Let \(\mathbb{P}(\xi_i = +2) = \mathbb{P}(\xi_i = 0) = \mathbb{P}(\xi_i = -1) = 1/3\). Then:

\[ \mathbb{E}[\xi_i] = \frac{1}{3}(+2) + \frac{1}{3}(0) + \frac{1}{3}(-1) = \frac{2 + 0 - 1}{3} = \frac{1}{3} \]

\[ \mathbb{E}[\xi_i^2] = \frac{1}{3}(4) + \frac{1}{3}(0) + \frac{1}{3}(1) = \frac{5}{3} \]

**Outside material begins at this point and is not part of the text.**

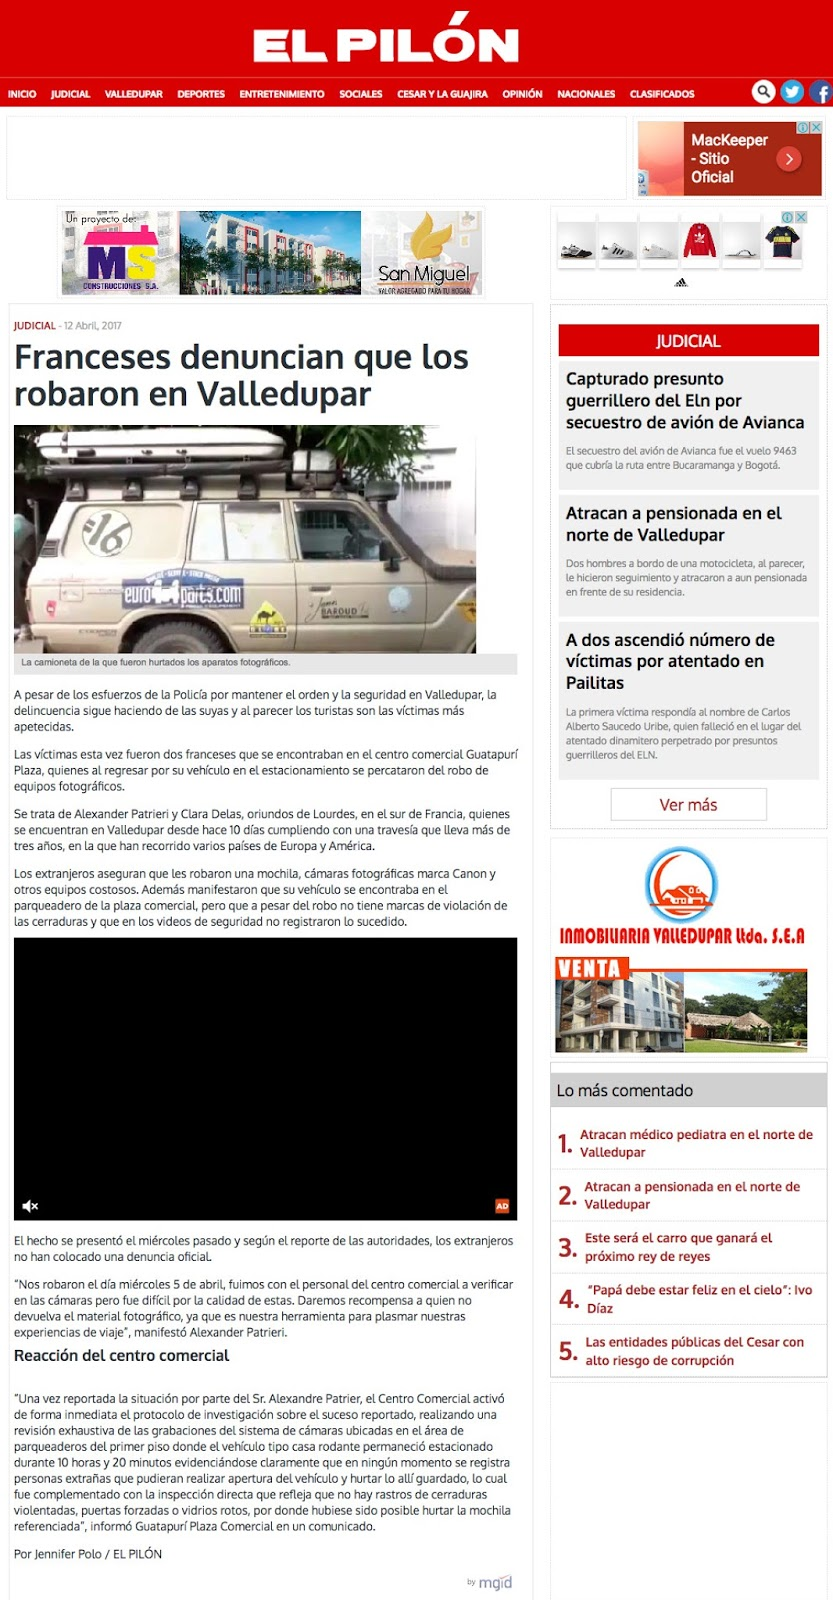 http://elpilon.com.co/franceses-denuncian-los-robaron-valledupar/
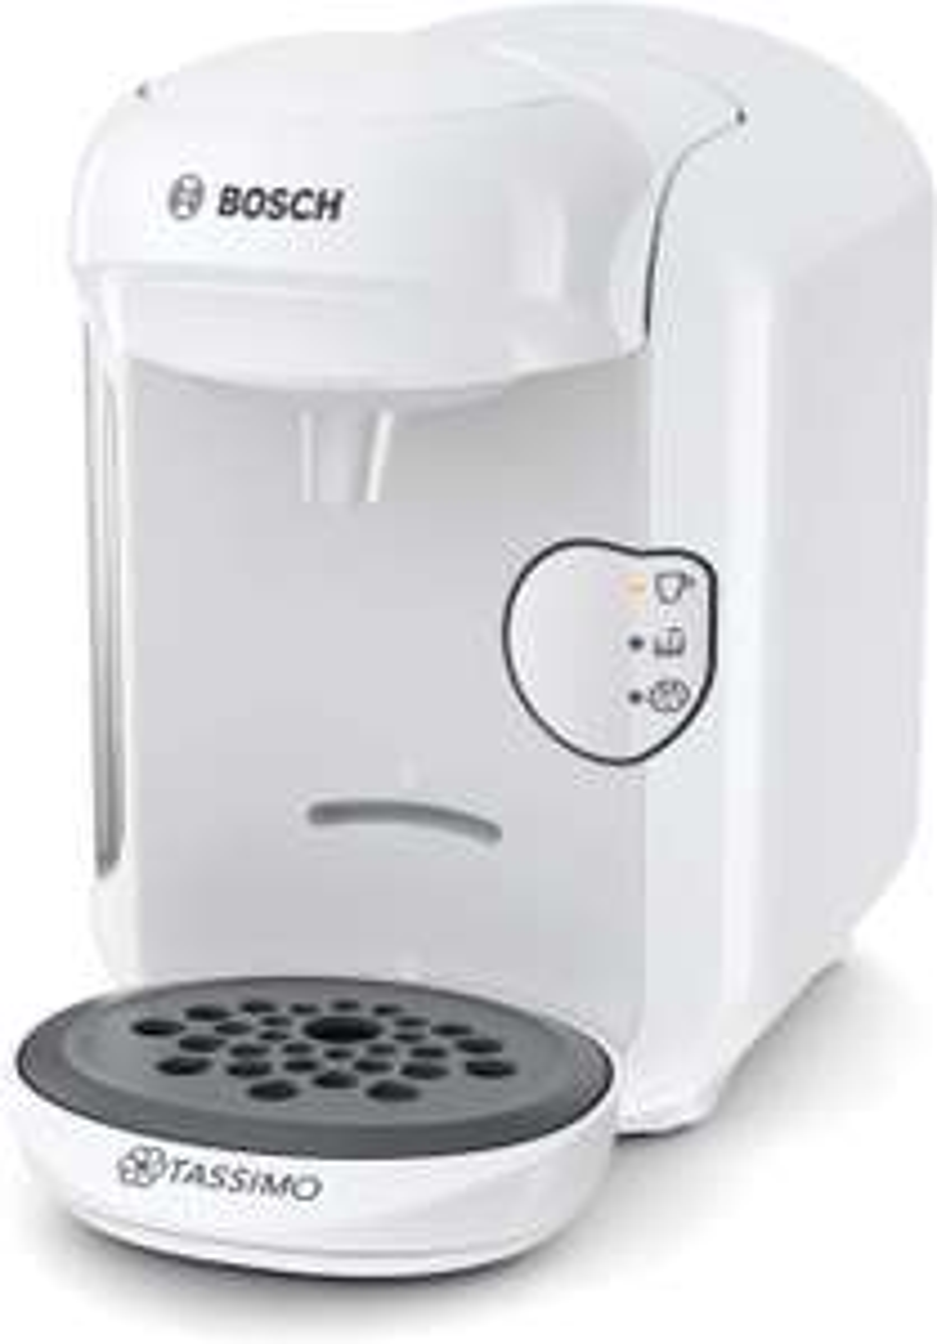 Machine à Café Bosch Tassimo TAS1404 - Blanc, 1300 W, 0,7 L

\[ \text{Var}(\xi_i) = \mathbb{E}[\xi_i^2] - (\mathbb{E}[\xi_i])^2 = \frac{5}{3} - \frac{1}{9} = \frac{14}{9} \]

Since \(\mathbb{E}[\xi_i] = 1/3 \neq 0\), the process \(S_n = \sum_{i=1}^n \xi_i\) is not a martingale (the martingale condition requires \(\mathbb{E}[S_{n+1} \mid \mathcal{F}_n] = S_n\), but \(\mathbb{E}[S_{n+1} \mid \mathcal{F}_n] = S_n + 1/3\)).

To make it a martingale, we need \(\mathbb{E}[\xi_i] = 0\). Let \(\mathbb{P}(\xi_i = +2) = p_1\), \(\mathbb{P}(\xi_i = 0) = p_2\), \(\mathbb{P}(\xi_i = -1) = p_3\) with \(p_1 + p_2 + p_3 = 1\) and:

\[ 2p_1 + 0 \cdot p_2 + (-1) \cdot p_3 = 0 \implies 2p_1 = p_3 \]

With \(p_3 = 2p_1\) and \(p_2 = 1 - 3p_1\), any \(p_1 \in (0, 1/3)\) works. For example, \(p_1 = 1/6\), \(p_2 = 1/2\), \(p_3 = 1/3\) gives a martingale.